Jacques
Chirac s'est acquitté mercredi sans chaleur d'une formalité en apportant
son soutien à la candidature présidentielle de Nicolas Sarkozy, qui
quittera lundi le ministère de l'Intérieur. Ce soutien met
provisoirement un point final à 12 ans de relations houleuses entre le
chef de l'Etat et Nicolas Sarkozy, qui avait soutenu en 1995 la
candidature à l'Elysée d'Edouard Balladur contre Jacques Chirac.
Le
message que le Président Chirac a adressé aux Français ce dimanche 11
mars m'a, je l'avoue, ému.
C'est
une page importante de l'histoire de la Vème république qui est tournée
par l'annonce de sa retraite politique. Son intervention a été
particulièrement digne, et ce qu'il a dit, pour peu qu'on oublie la
réalité de ces douze dernières années, sincère et fondamentale.
Il
n'a pas, à cette occasion, exprimé un choix, mais la totale absence de
référence au général de Gaulle dont il a été pourtant un ministre,
présage un soutien à Nicolas Sarkozy ; une référence gaullienne eut été
déplacée.
Son
bilan
Que
faut-il retenir son passage à l'Elysée :
Après
la première cohabitation de 1986 à 1988, que l'on pensait n'être qu'un
incident de parcours que l'histoire ne nous épargne jamais, la
dissolution ratée en 1997, toujours inexpliquée, a institutionnalisé la
cohabitation comme un mode de gouvernance. Le quinquennat, prônée par
Valéry Giscard d'Estaing qui s'en est suivi, a transformé nos
institutions et rétabli le pouvoir des partis politiques. Aujourd'hui,
beaucoup des candidats à la magistrature suprêmes utilisent ce constat
pour aller vers une VIème république qui ne sera qu'un clone de la 4ème
réputée pour son instabilité gouvernementale. Par ailleurs, le retour de
la France au sein du comité militaire de l'OTAN est une position
notoirement antigaulliste qu'il est indispensable de rappeler*.
Une
Europe ayant perdu son contrôle
La création d'une monnaie unique,
l'Euro, dont on mesure aujourd'hui toute l'étendue du désastre tant
auprès des familles par une réelle augmentation des produits de première
nécessité, qu'au niveau de notre économie par une parité euro-dollar
plombant nos exportations (Airbus !). Utile aussi de rappeler l'échec
personnel, mais heureux pour la France, du référendum européen du 29 mai
2005, que le Président n'a pas, ni de près, ni de loin, évoqué pour ne
pas gêner Nicolas Sarkozy qui s'apprête à le contourner dès son
éventuelle élection.
Nous
pourrions lister toutes ses erreurs (Service national…), mais il
convient de rester sur l'essentiel.
Ne
pas omettre pour autant
Néanmoins,
personne ne pourra oublier la politique étrangère de la France pendant
ses deux mandats. C'est bien dans ce domaine que Jacques Chirac s'est
montré le plus gaulliste, et notamment dans l'affaire Irakienne pendant
laquelle la voix de la France s'est voulue indépendante, forte et
appréciée partout dans le monde. Comment pourra-t-il, sans détourner les
yeux de ceux des Français qu'il dit tant aimer, reconnaître en Nicolas
Sarkozy, le candidat le mieux disposé à poursuivre cette politique ?
La
fin d'une époque, mais pas celle du gaullisme
Dans
l'histoire du gaullisme, on peut distinguer trois phases
générationnelles. La première correspond à la guerre 39-45. Il reste
très peu d'acteurs de cette héroïque période, et personne dans la classe
politique ne peut encore s'y référer. La seconde, celle du retour du
Général aux affaires en 58, les débuts de la Vème république, plus
politique qu'historique, se termine par le départ de Jacques Chirac.

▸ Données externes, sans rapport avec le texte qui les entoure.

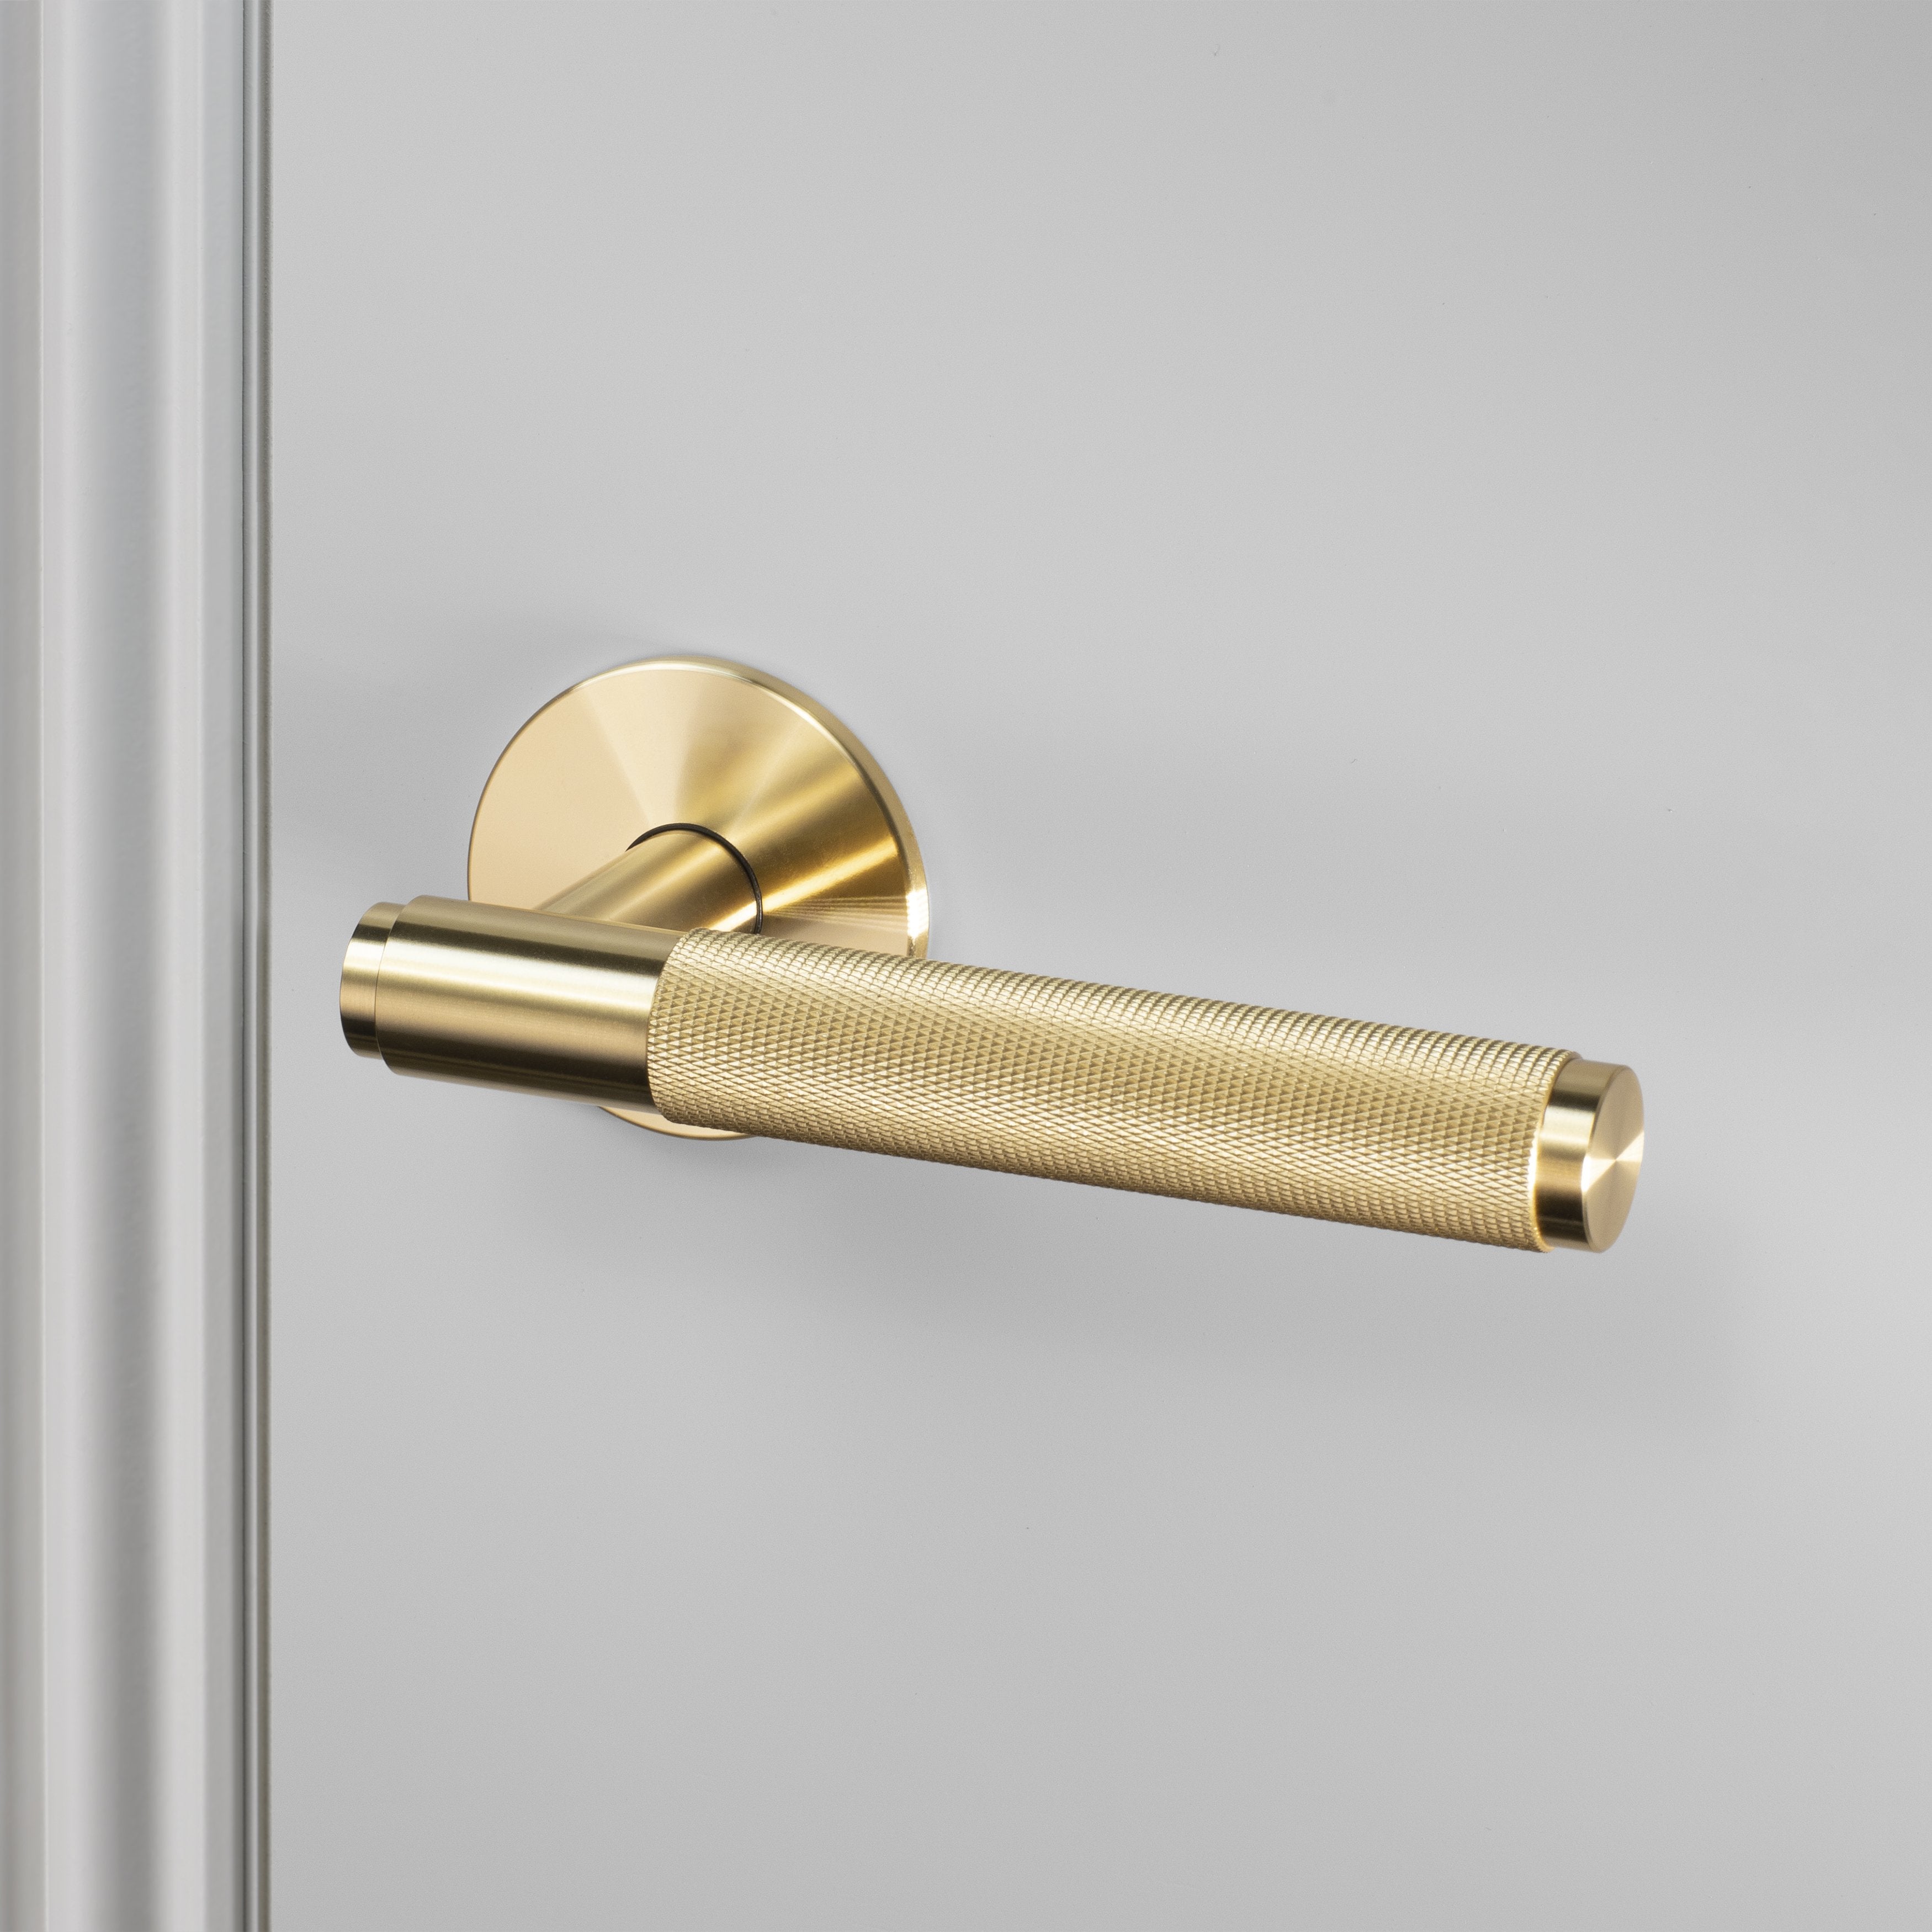 Buster and Punch DOOR LEVER HANDLE / BRASS - UNSPRUNG - 30MM - No.42 Interiors

Aujourd'hui, une troisième génération va éclore. Elle s'appuiera sur
l'héritage laissé par le Général, mais aussi, et surtout, sur les idées
qu'il a toujours défendues, dans tous les domaines, avec cette
sensibilité sociale si nécessaire. Son œuvre inachevée sera le fil
conducteur de notre action et celle des générations à venir. Le
gaullisme n'est pas mort comme le souhaitent tous ces "revanchards" qui
rêvent, en secret, de lui "faire la peau". Il survivra et représentera,
une fois de plus, le renouveau de notre Nation, libre, indépendante,
démocratique, sociale, respectée et reconnue dans le monde entier comme
une référence humaniste.
* Retour
honteux de la France dans l’OTAN Annoncée en
pleine grève, le 5 décembre 1995, la réintégration de la France au sein
du conseil des ministres et du comité militaire de l’Organisation du
traité de l’Atlantique nord est passée quasiment inaperçue. Or cette
décision tourne la page ouverte en 1966 par le général de Gaulle avec le
retrait de l’organisation militaire intégrée de l’Alliance.
Aboutissement d’un rapprochement progressif engagé dès les années 70,
cet acte politique majeur s’appuie sur des arguments fallacieux.